**Exercise directions**
From the line containing "Funded by Immigration, Refugees, and" through the last line of the listing, output each line exactly as it stands. Omit pictures.

**Information supplied**
----

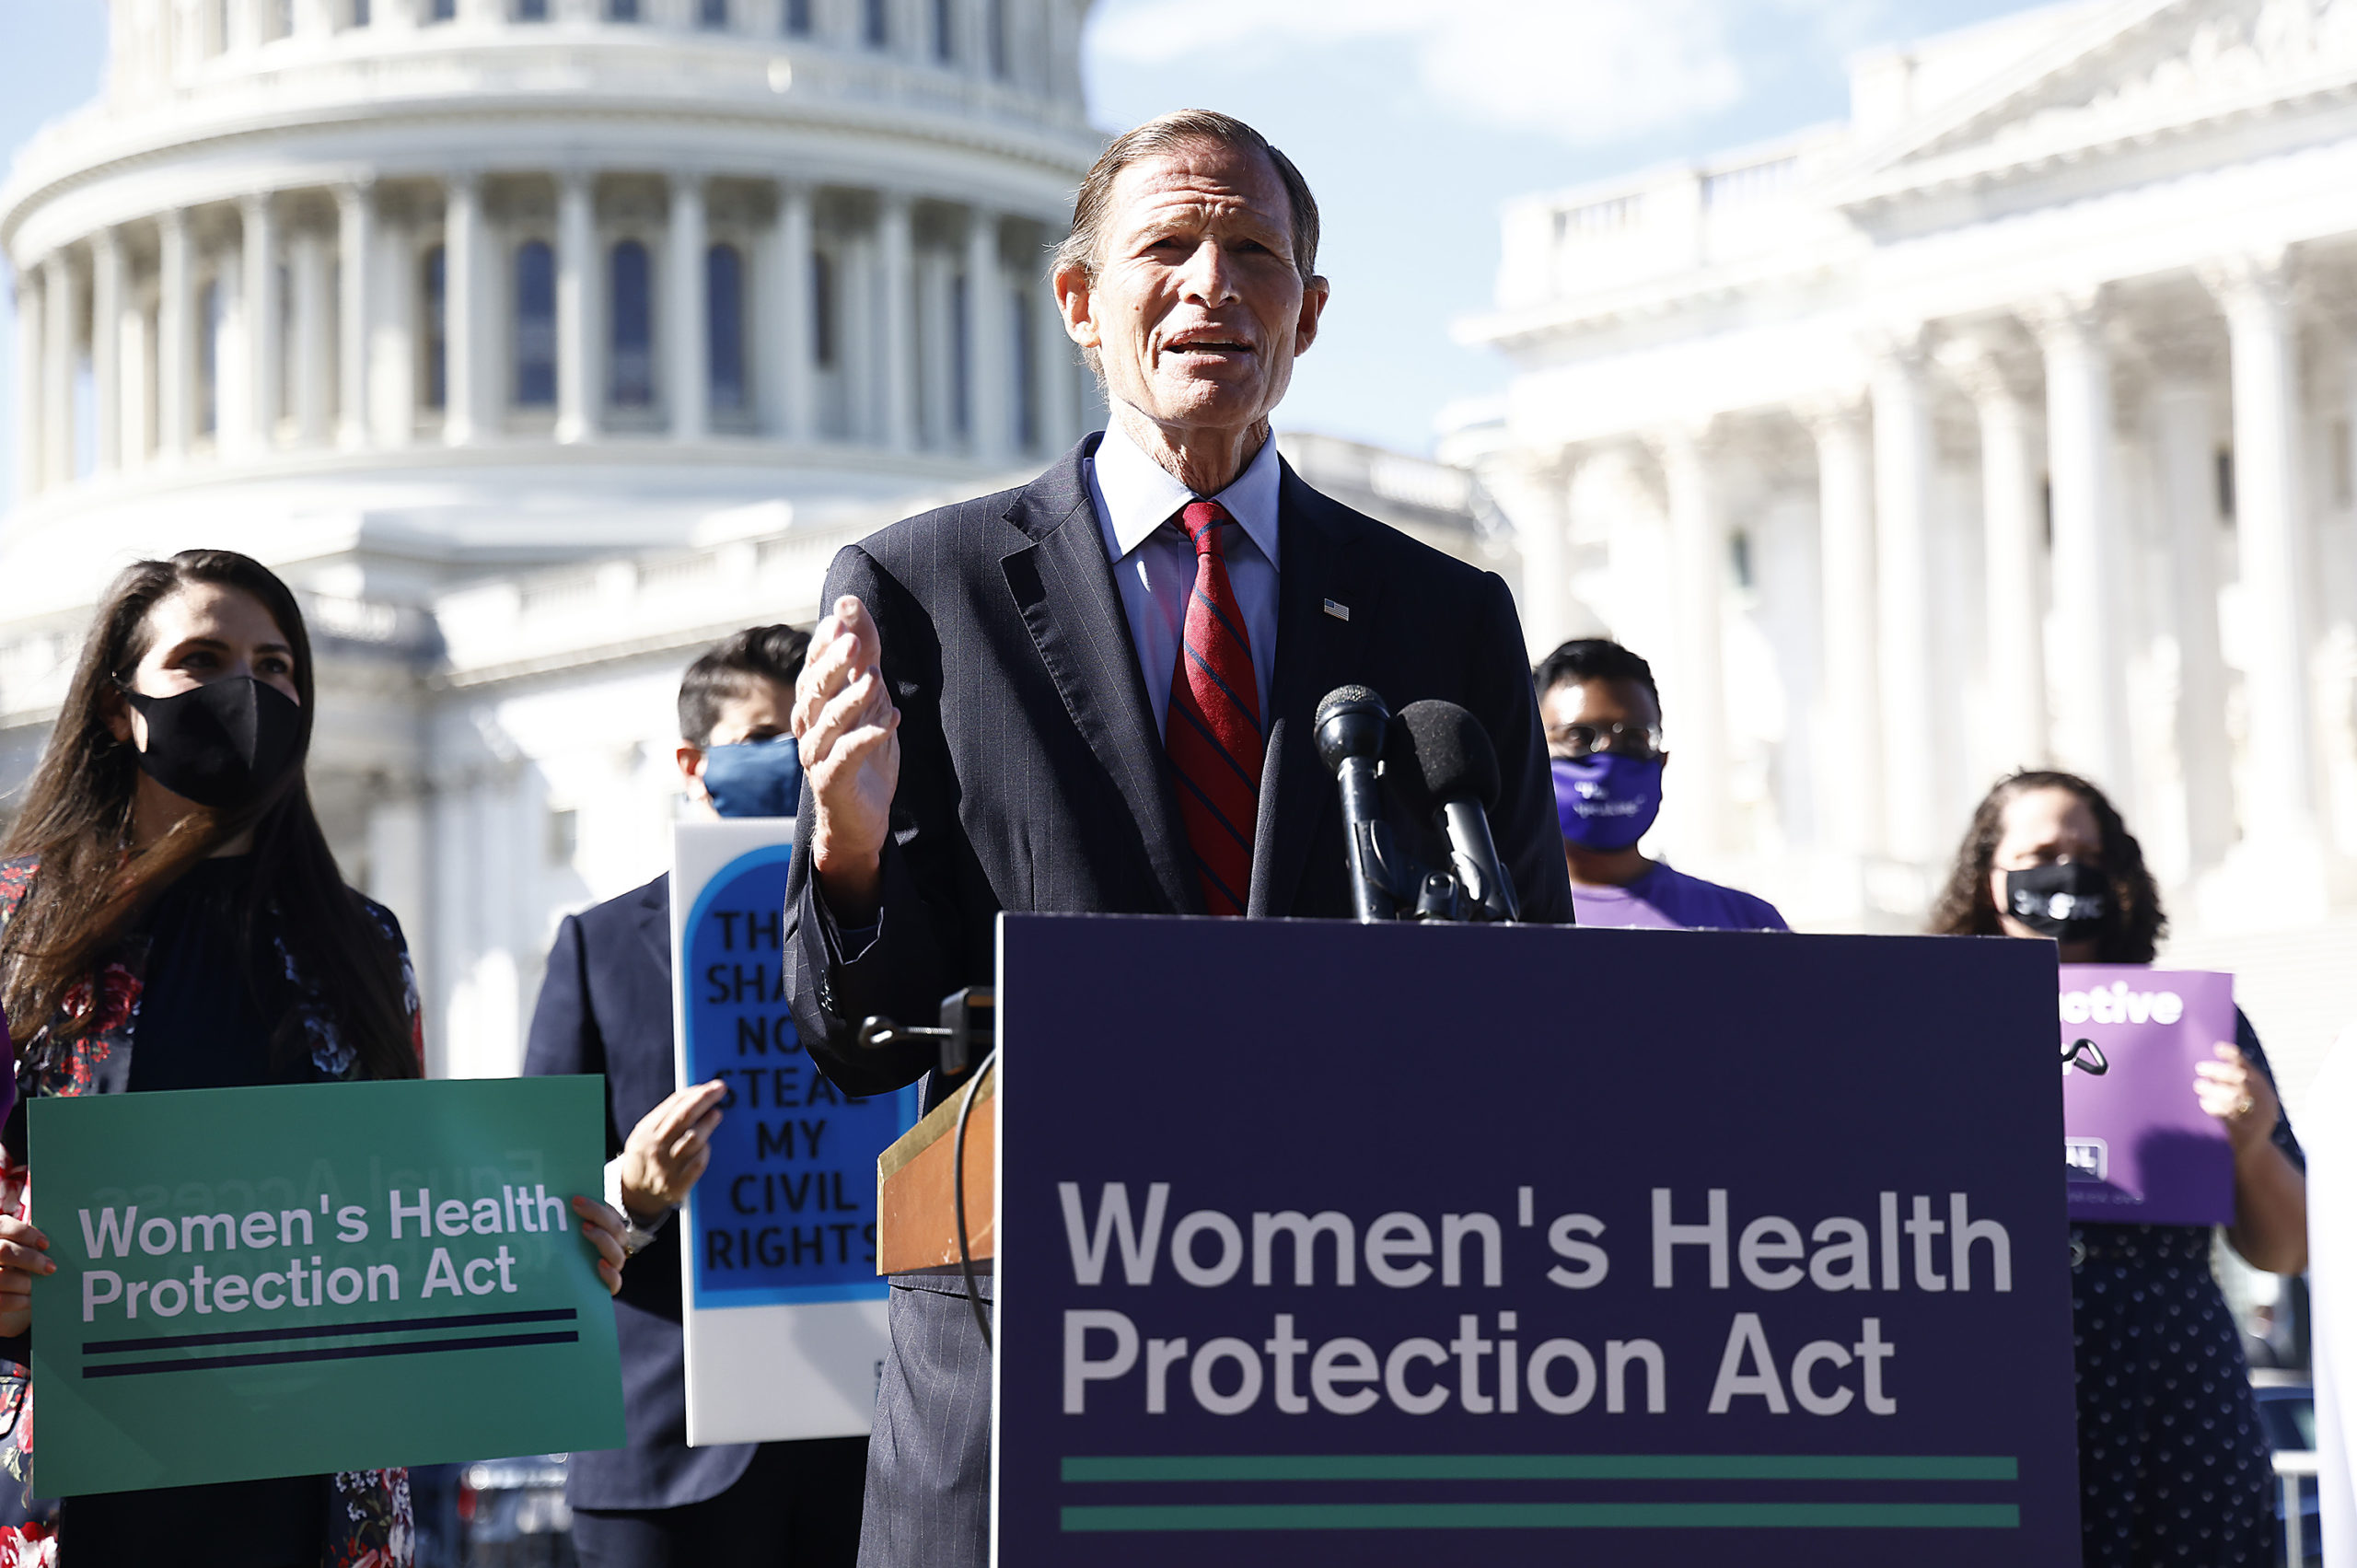 Senator Richard Blumenthal (D-CT) speaks at an event on behalf of the over 400,000 people who signed petitions of support from UltraViolet, NARAL, MoveOn, MomsRising, Catholics for Choice and National Council of Jewish Women to urge the Senate to protect abortion rights at an event outside of the U.S Capitol Building on September 29, 2021 in Washington, DC. (Photo by Paul Morigi/Getty Images for MoveOn)
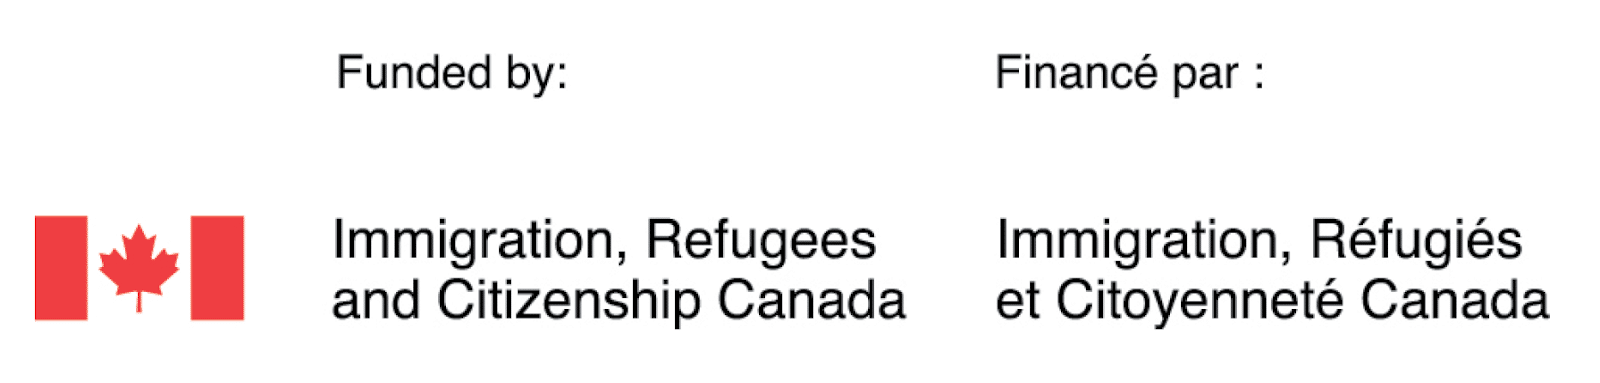 Funded by Immigration, Refugees, and Citizenship Canada
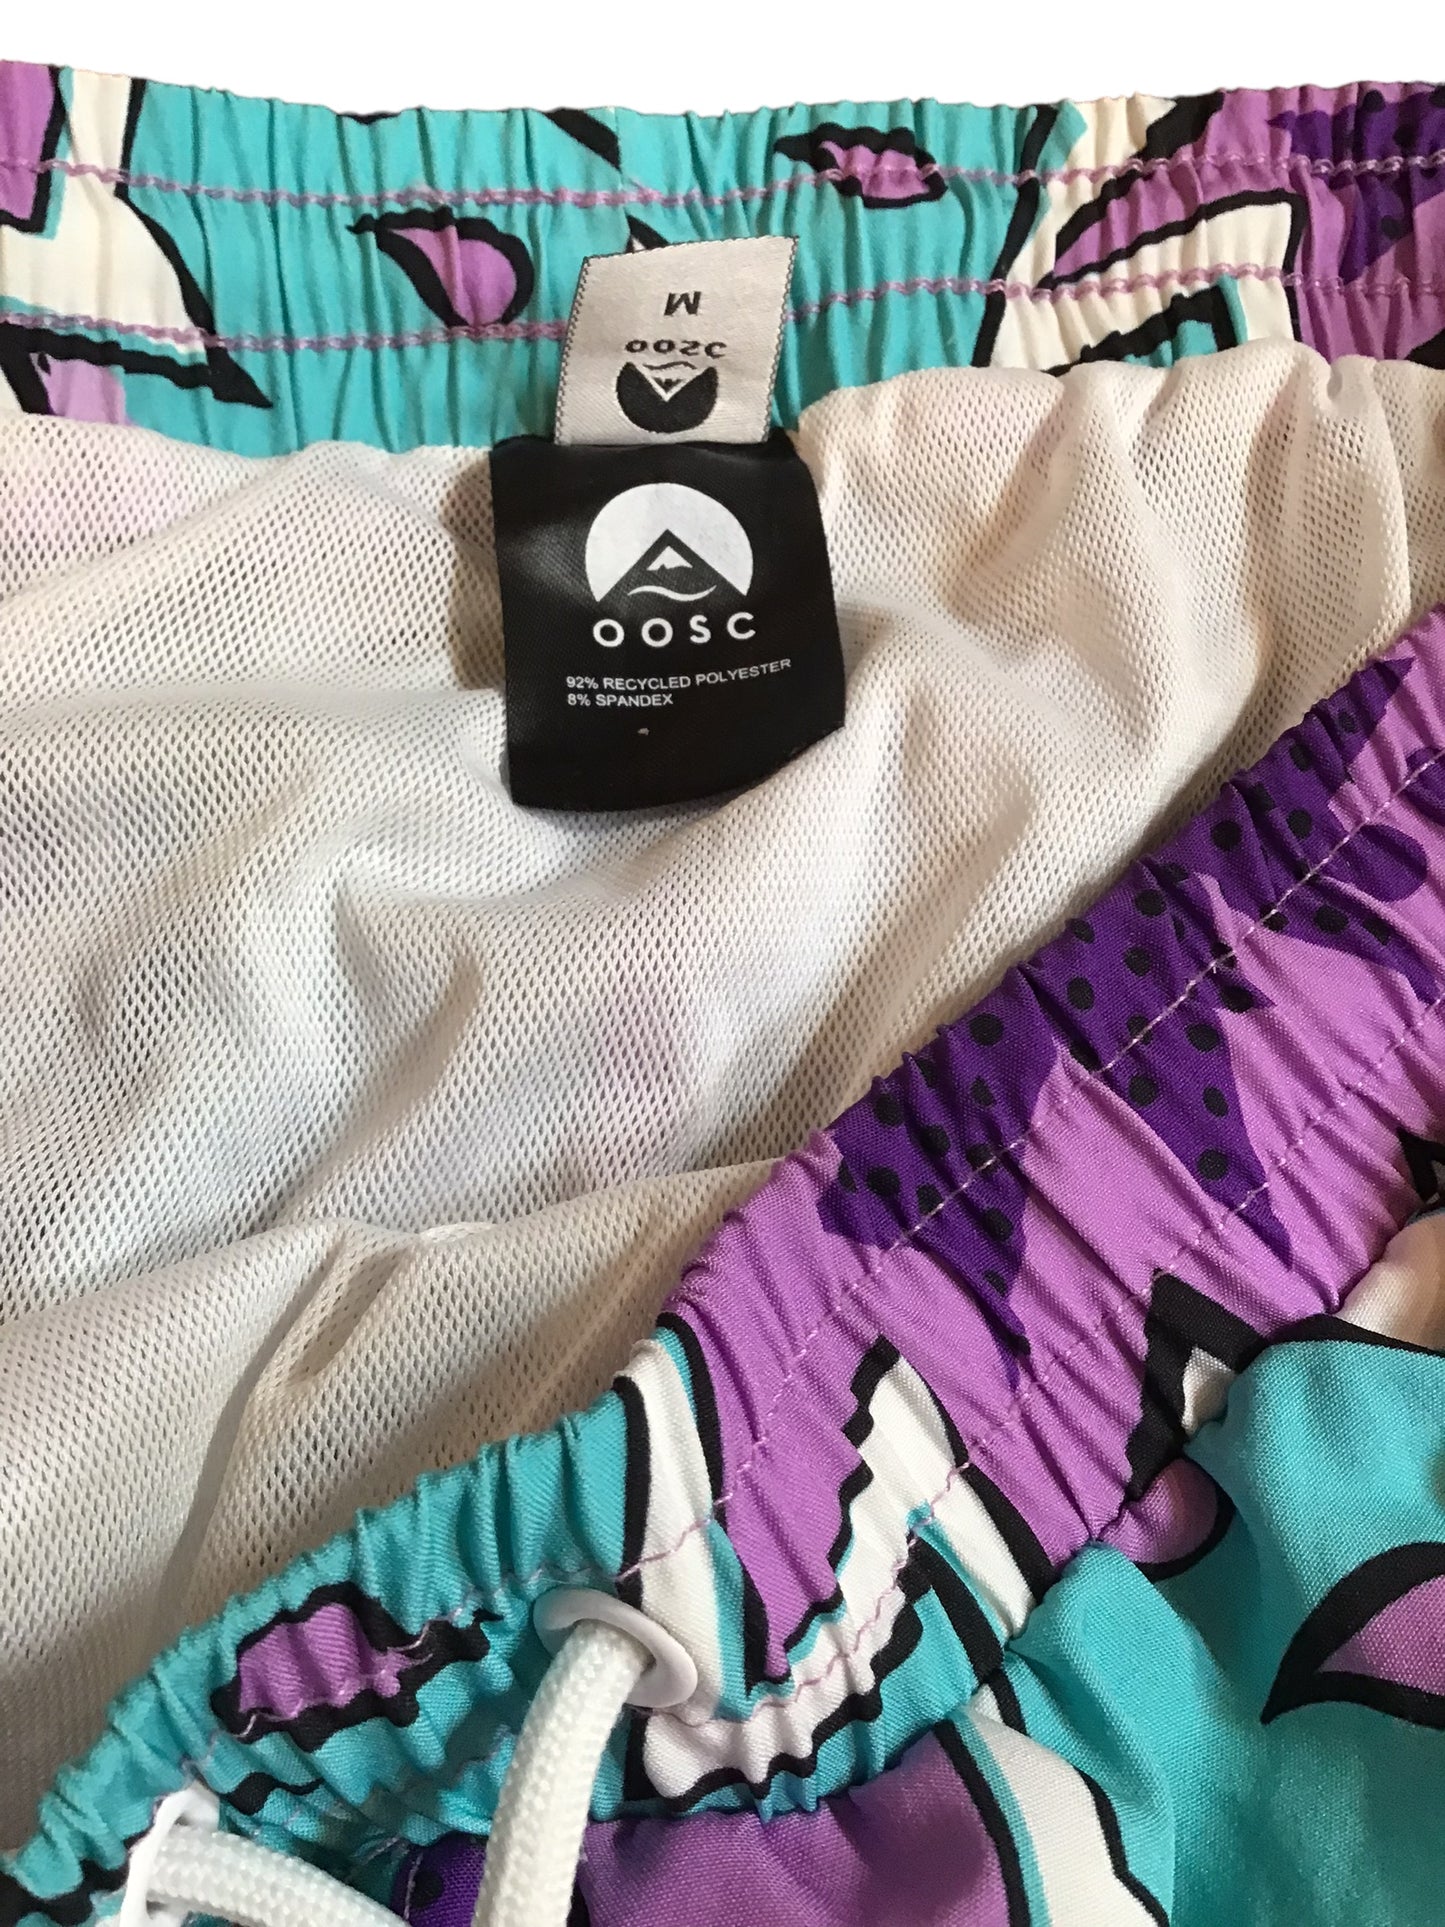 Men’s swim shorts from OOSC (Size M)

----

**Result of the task**
 Funded by Immigration, Refugees, and Citizenship Canada
 Men’s swim shorts from OOSC (Size M)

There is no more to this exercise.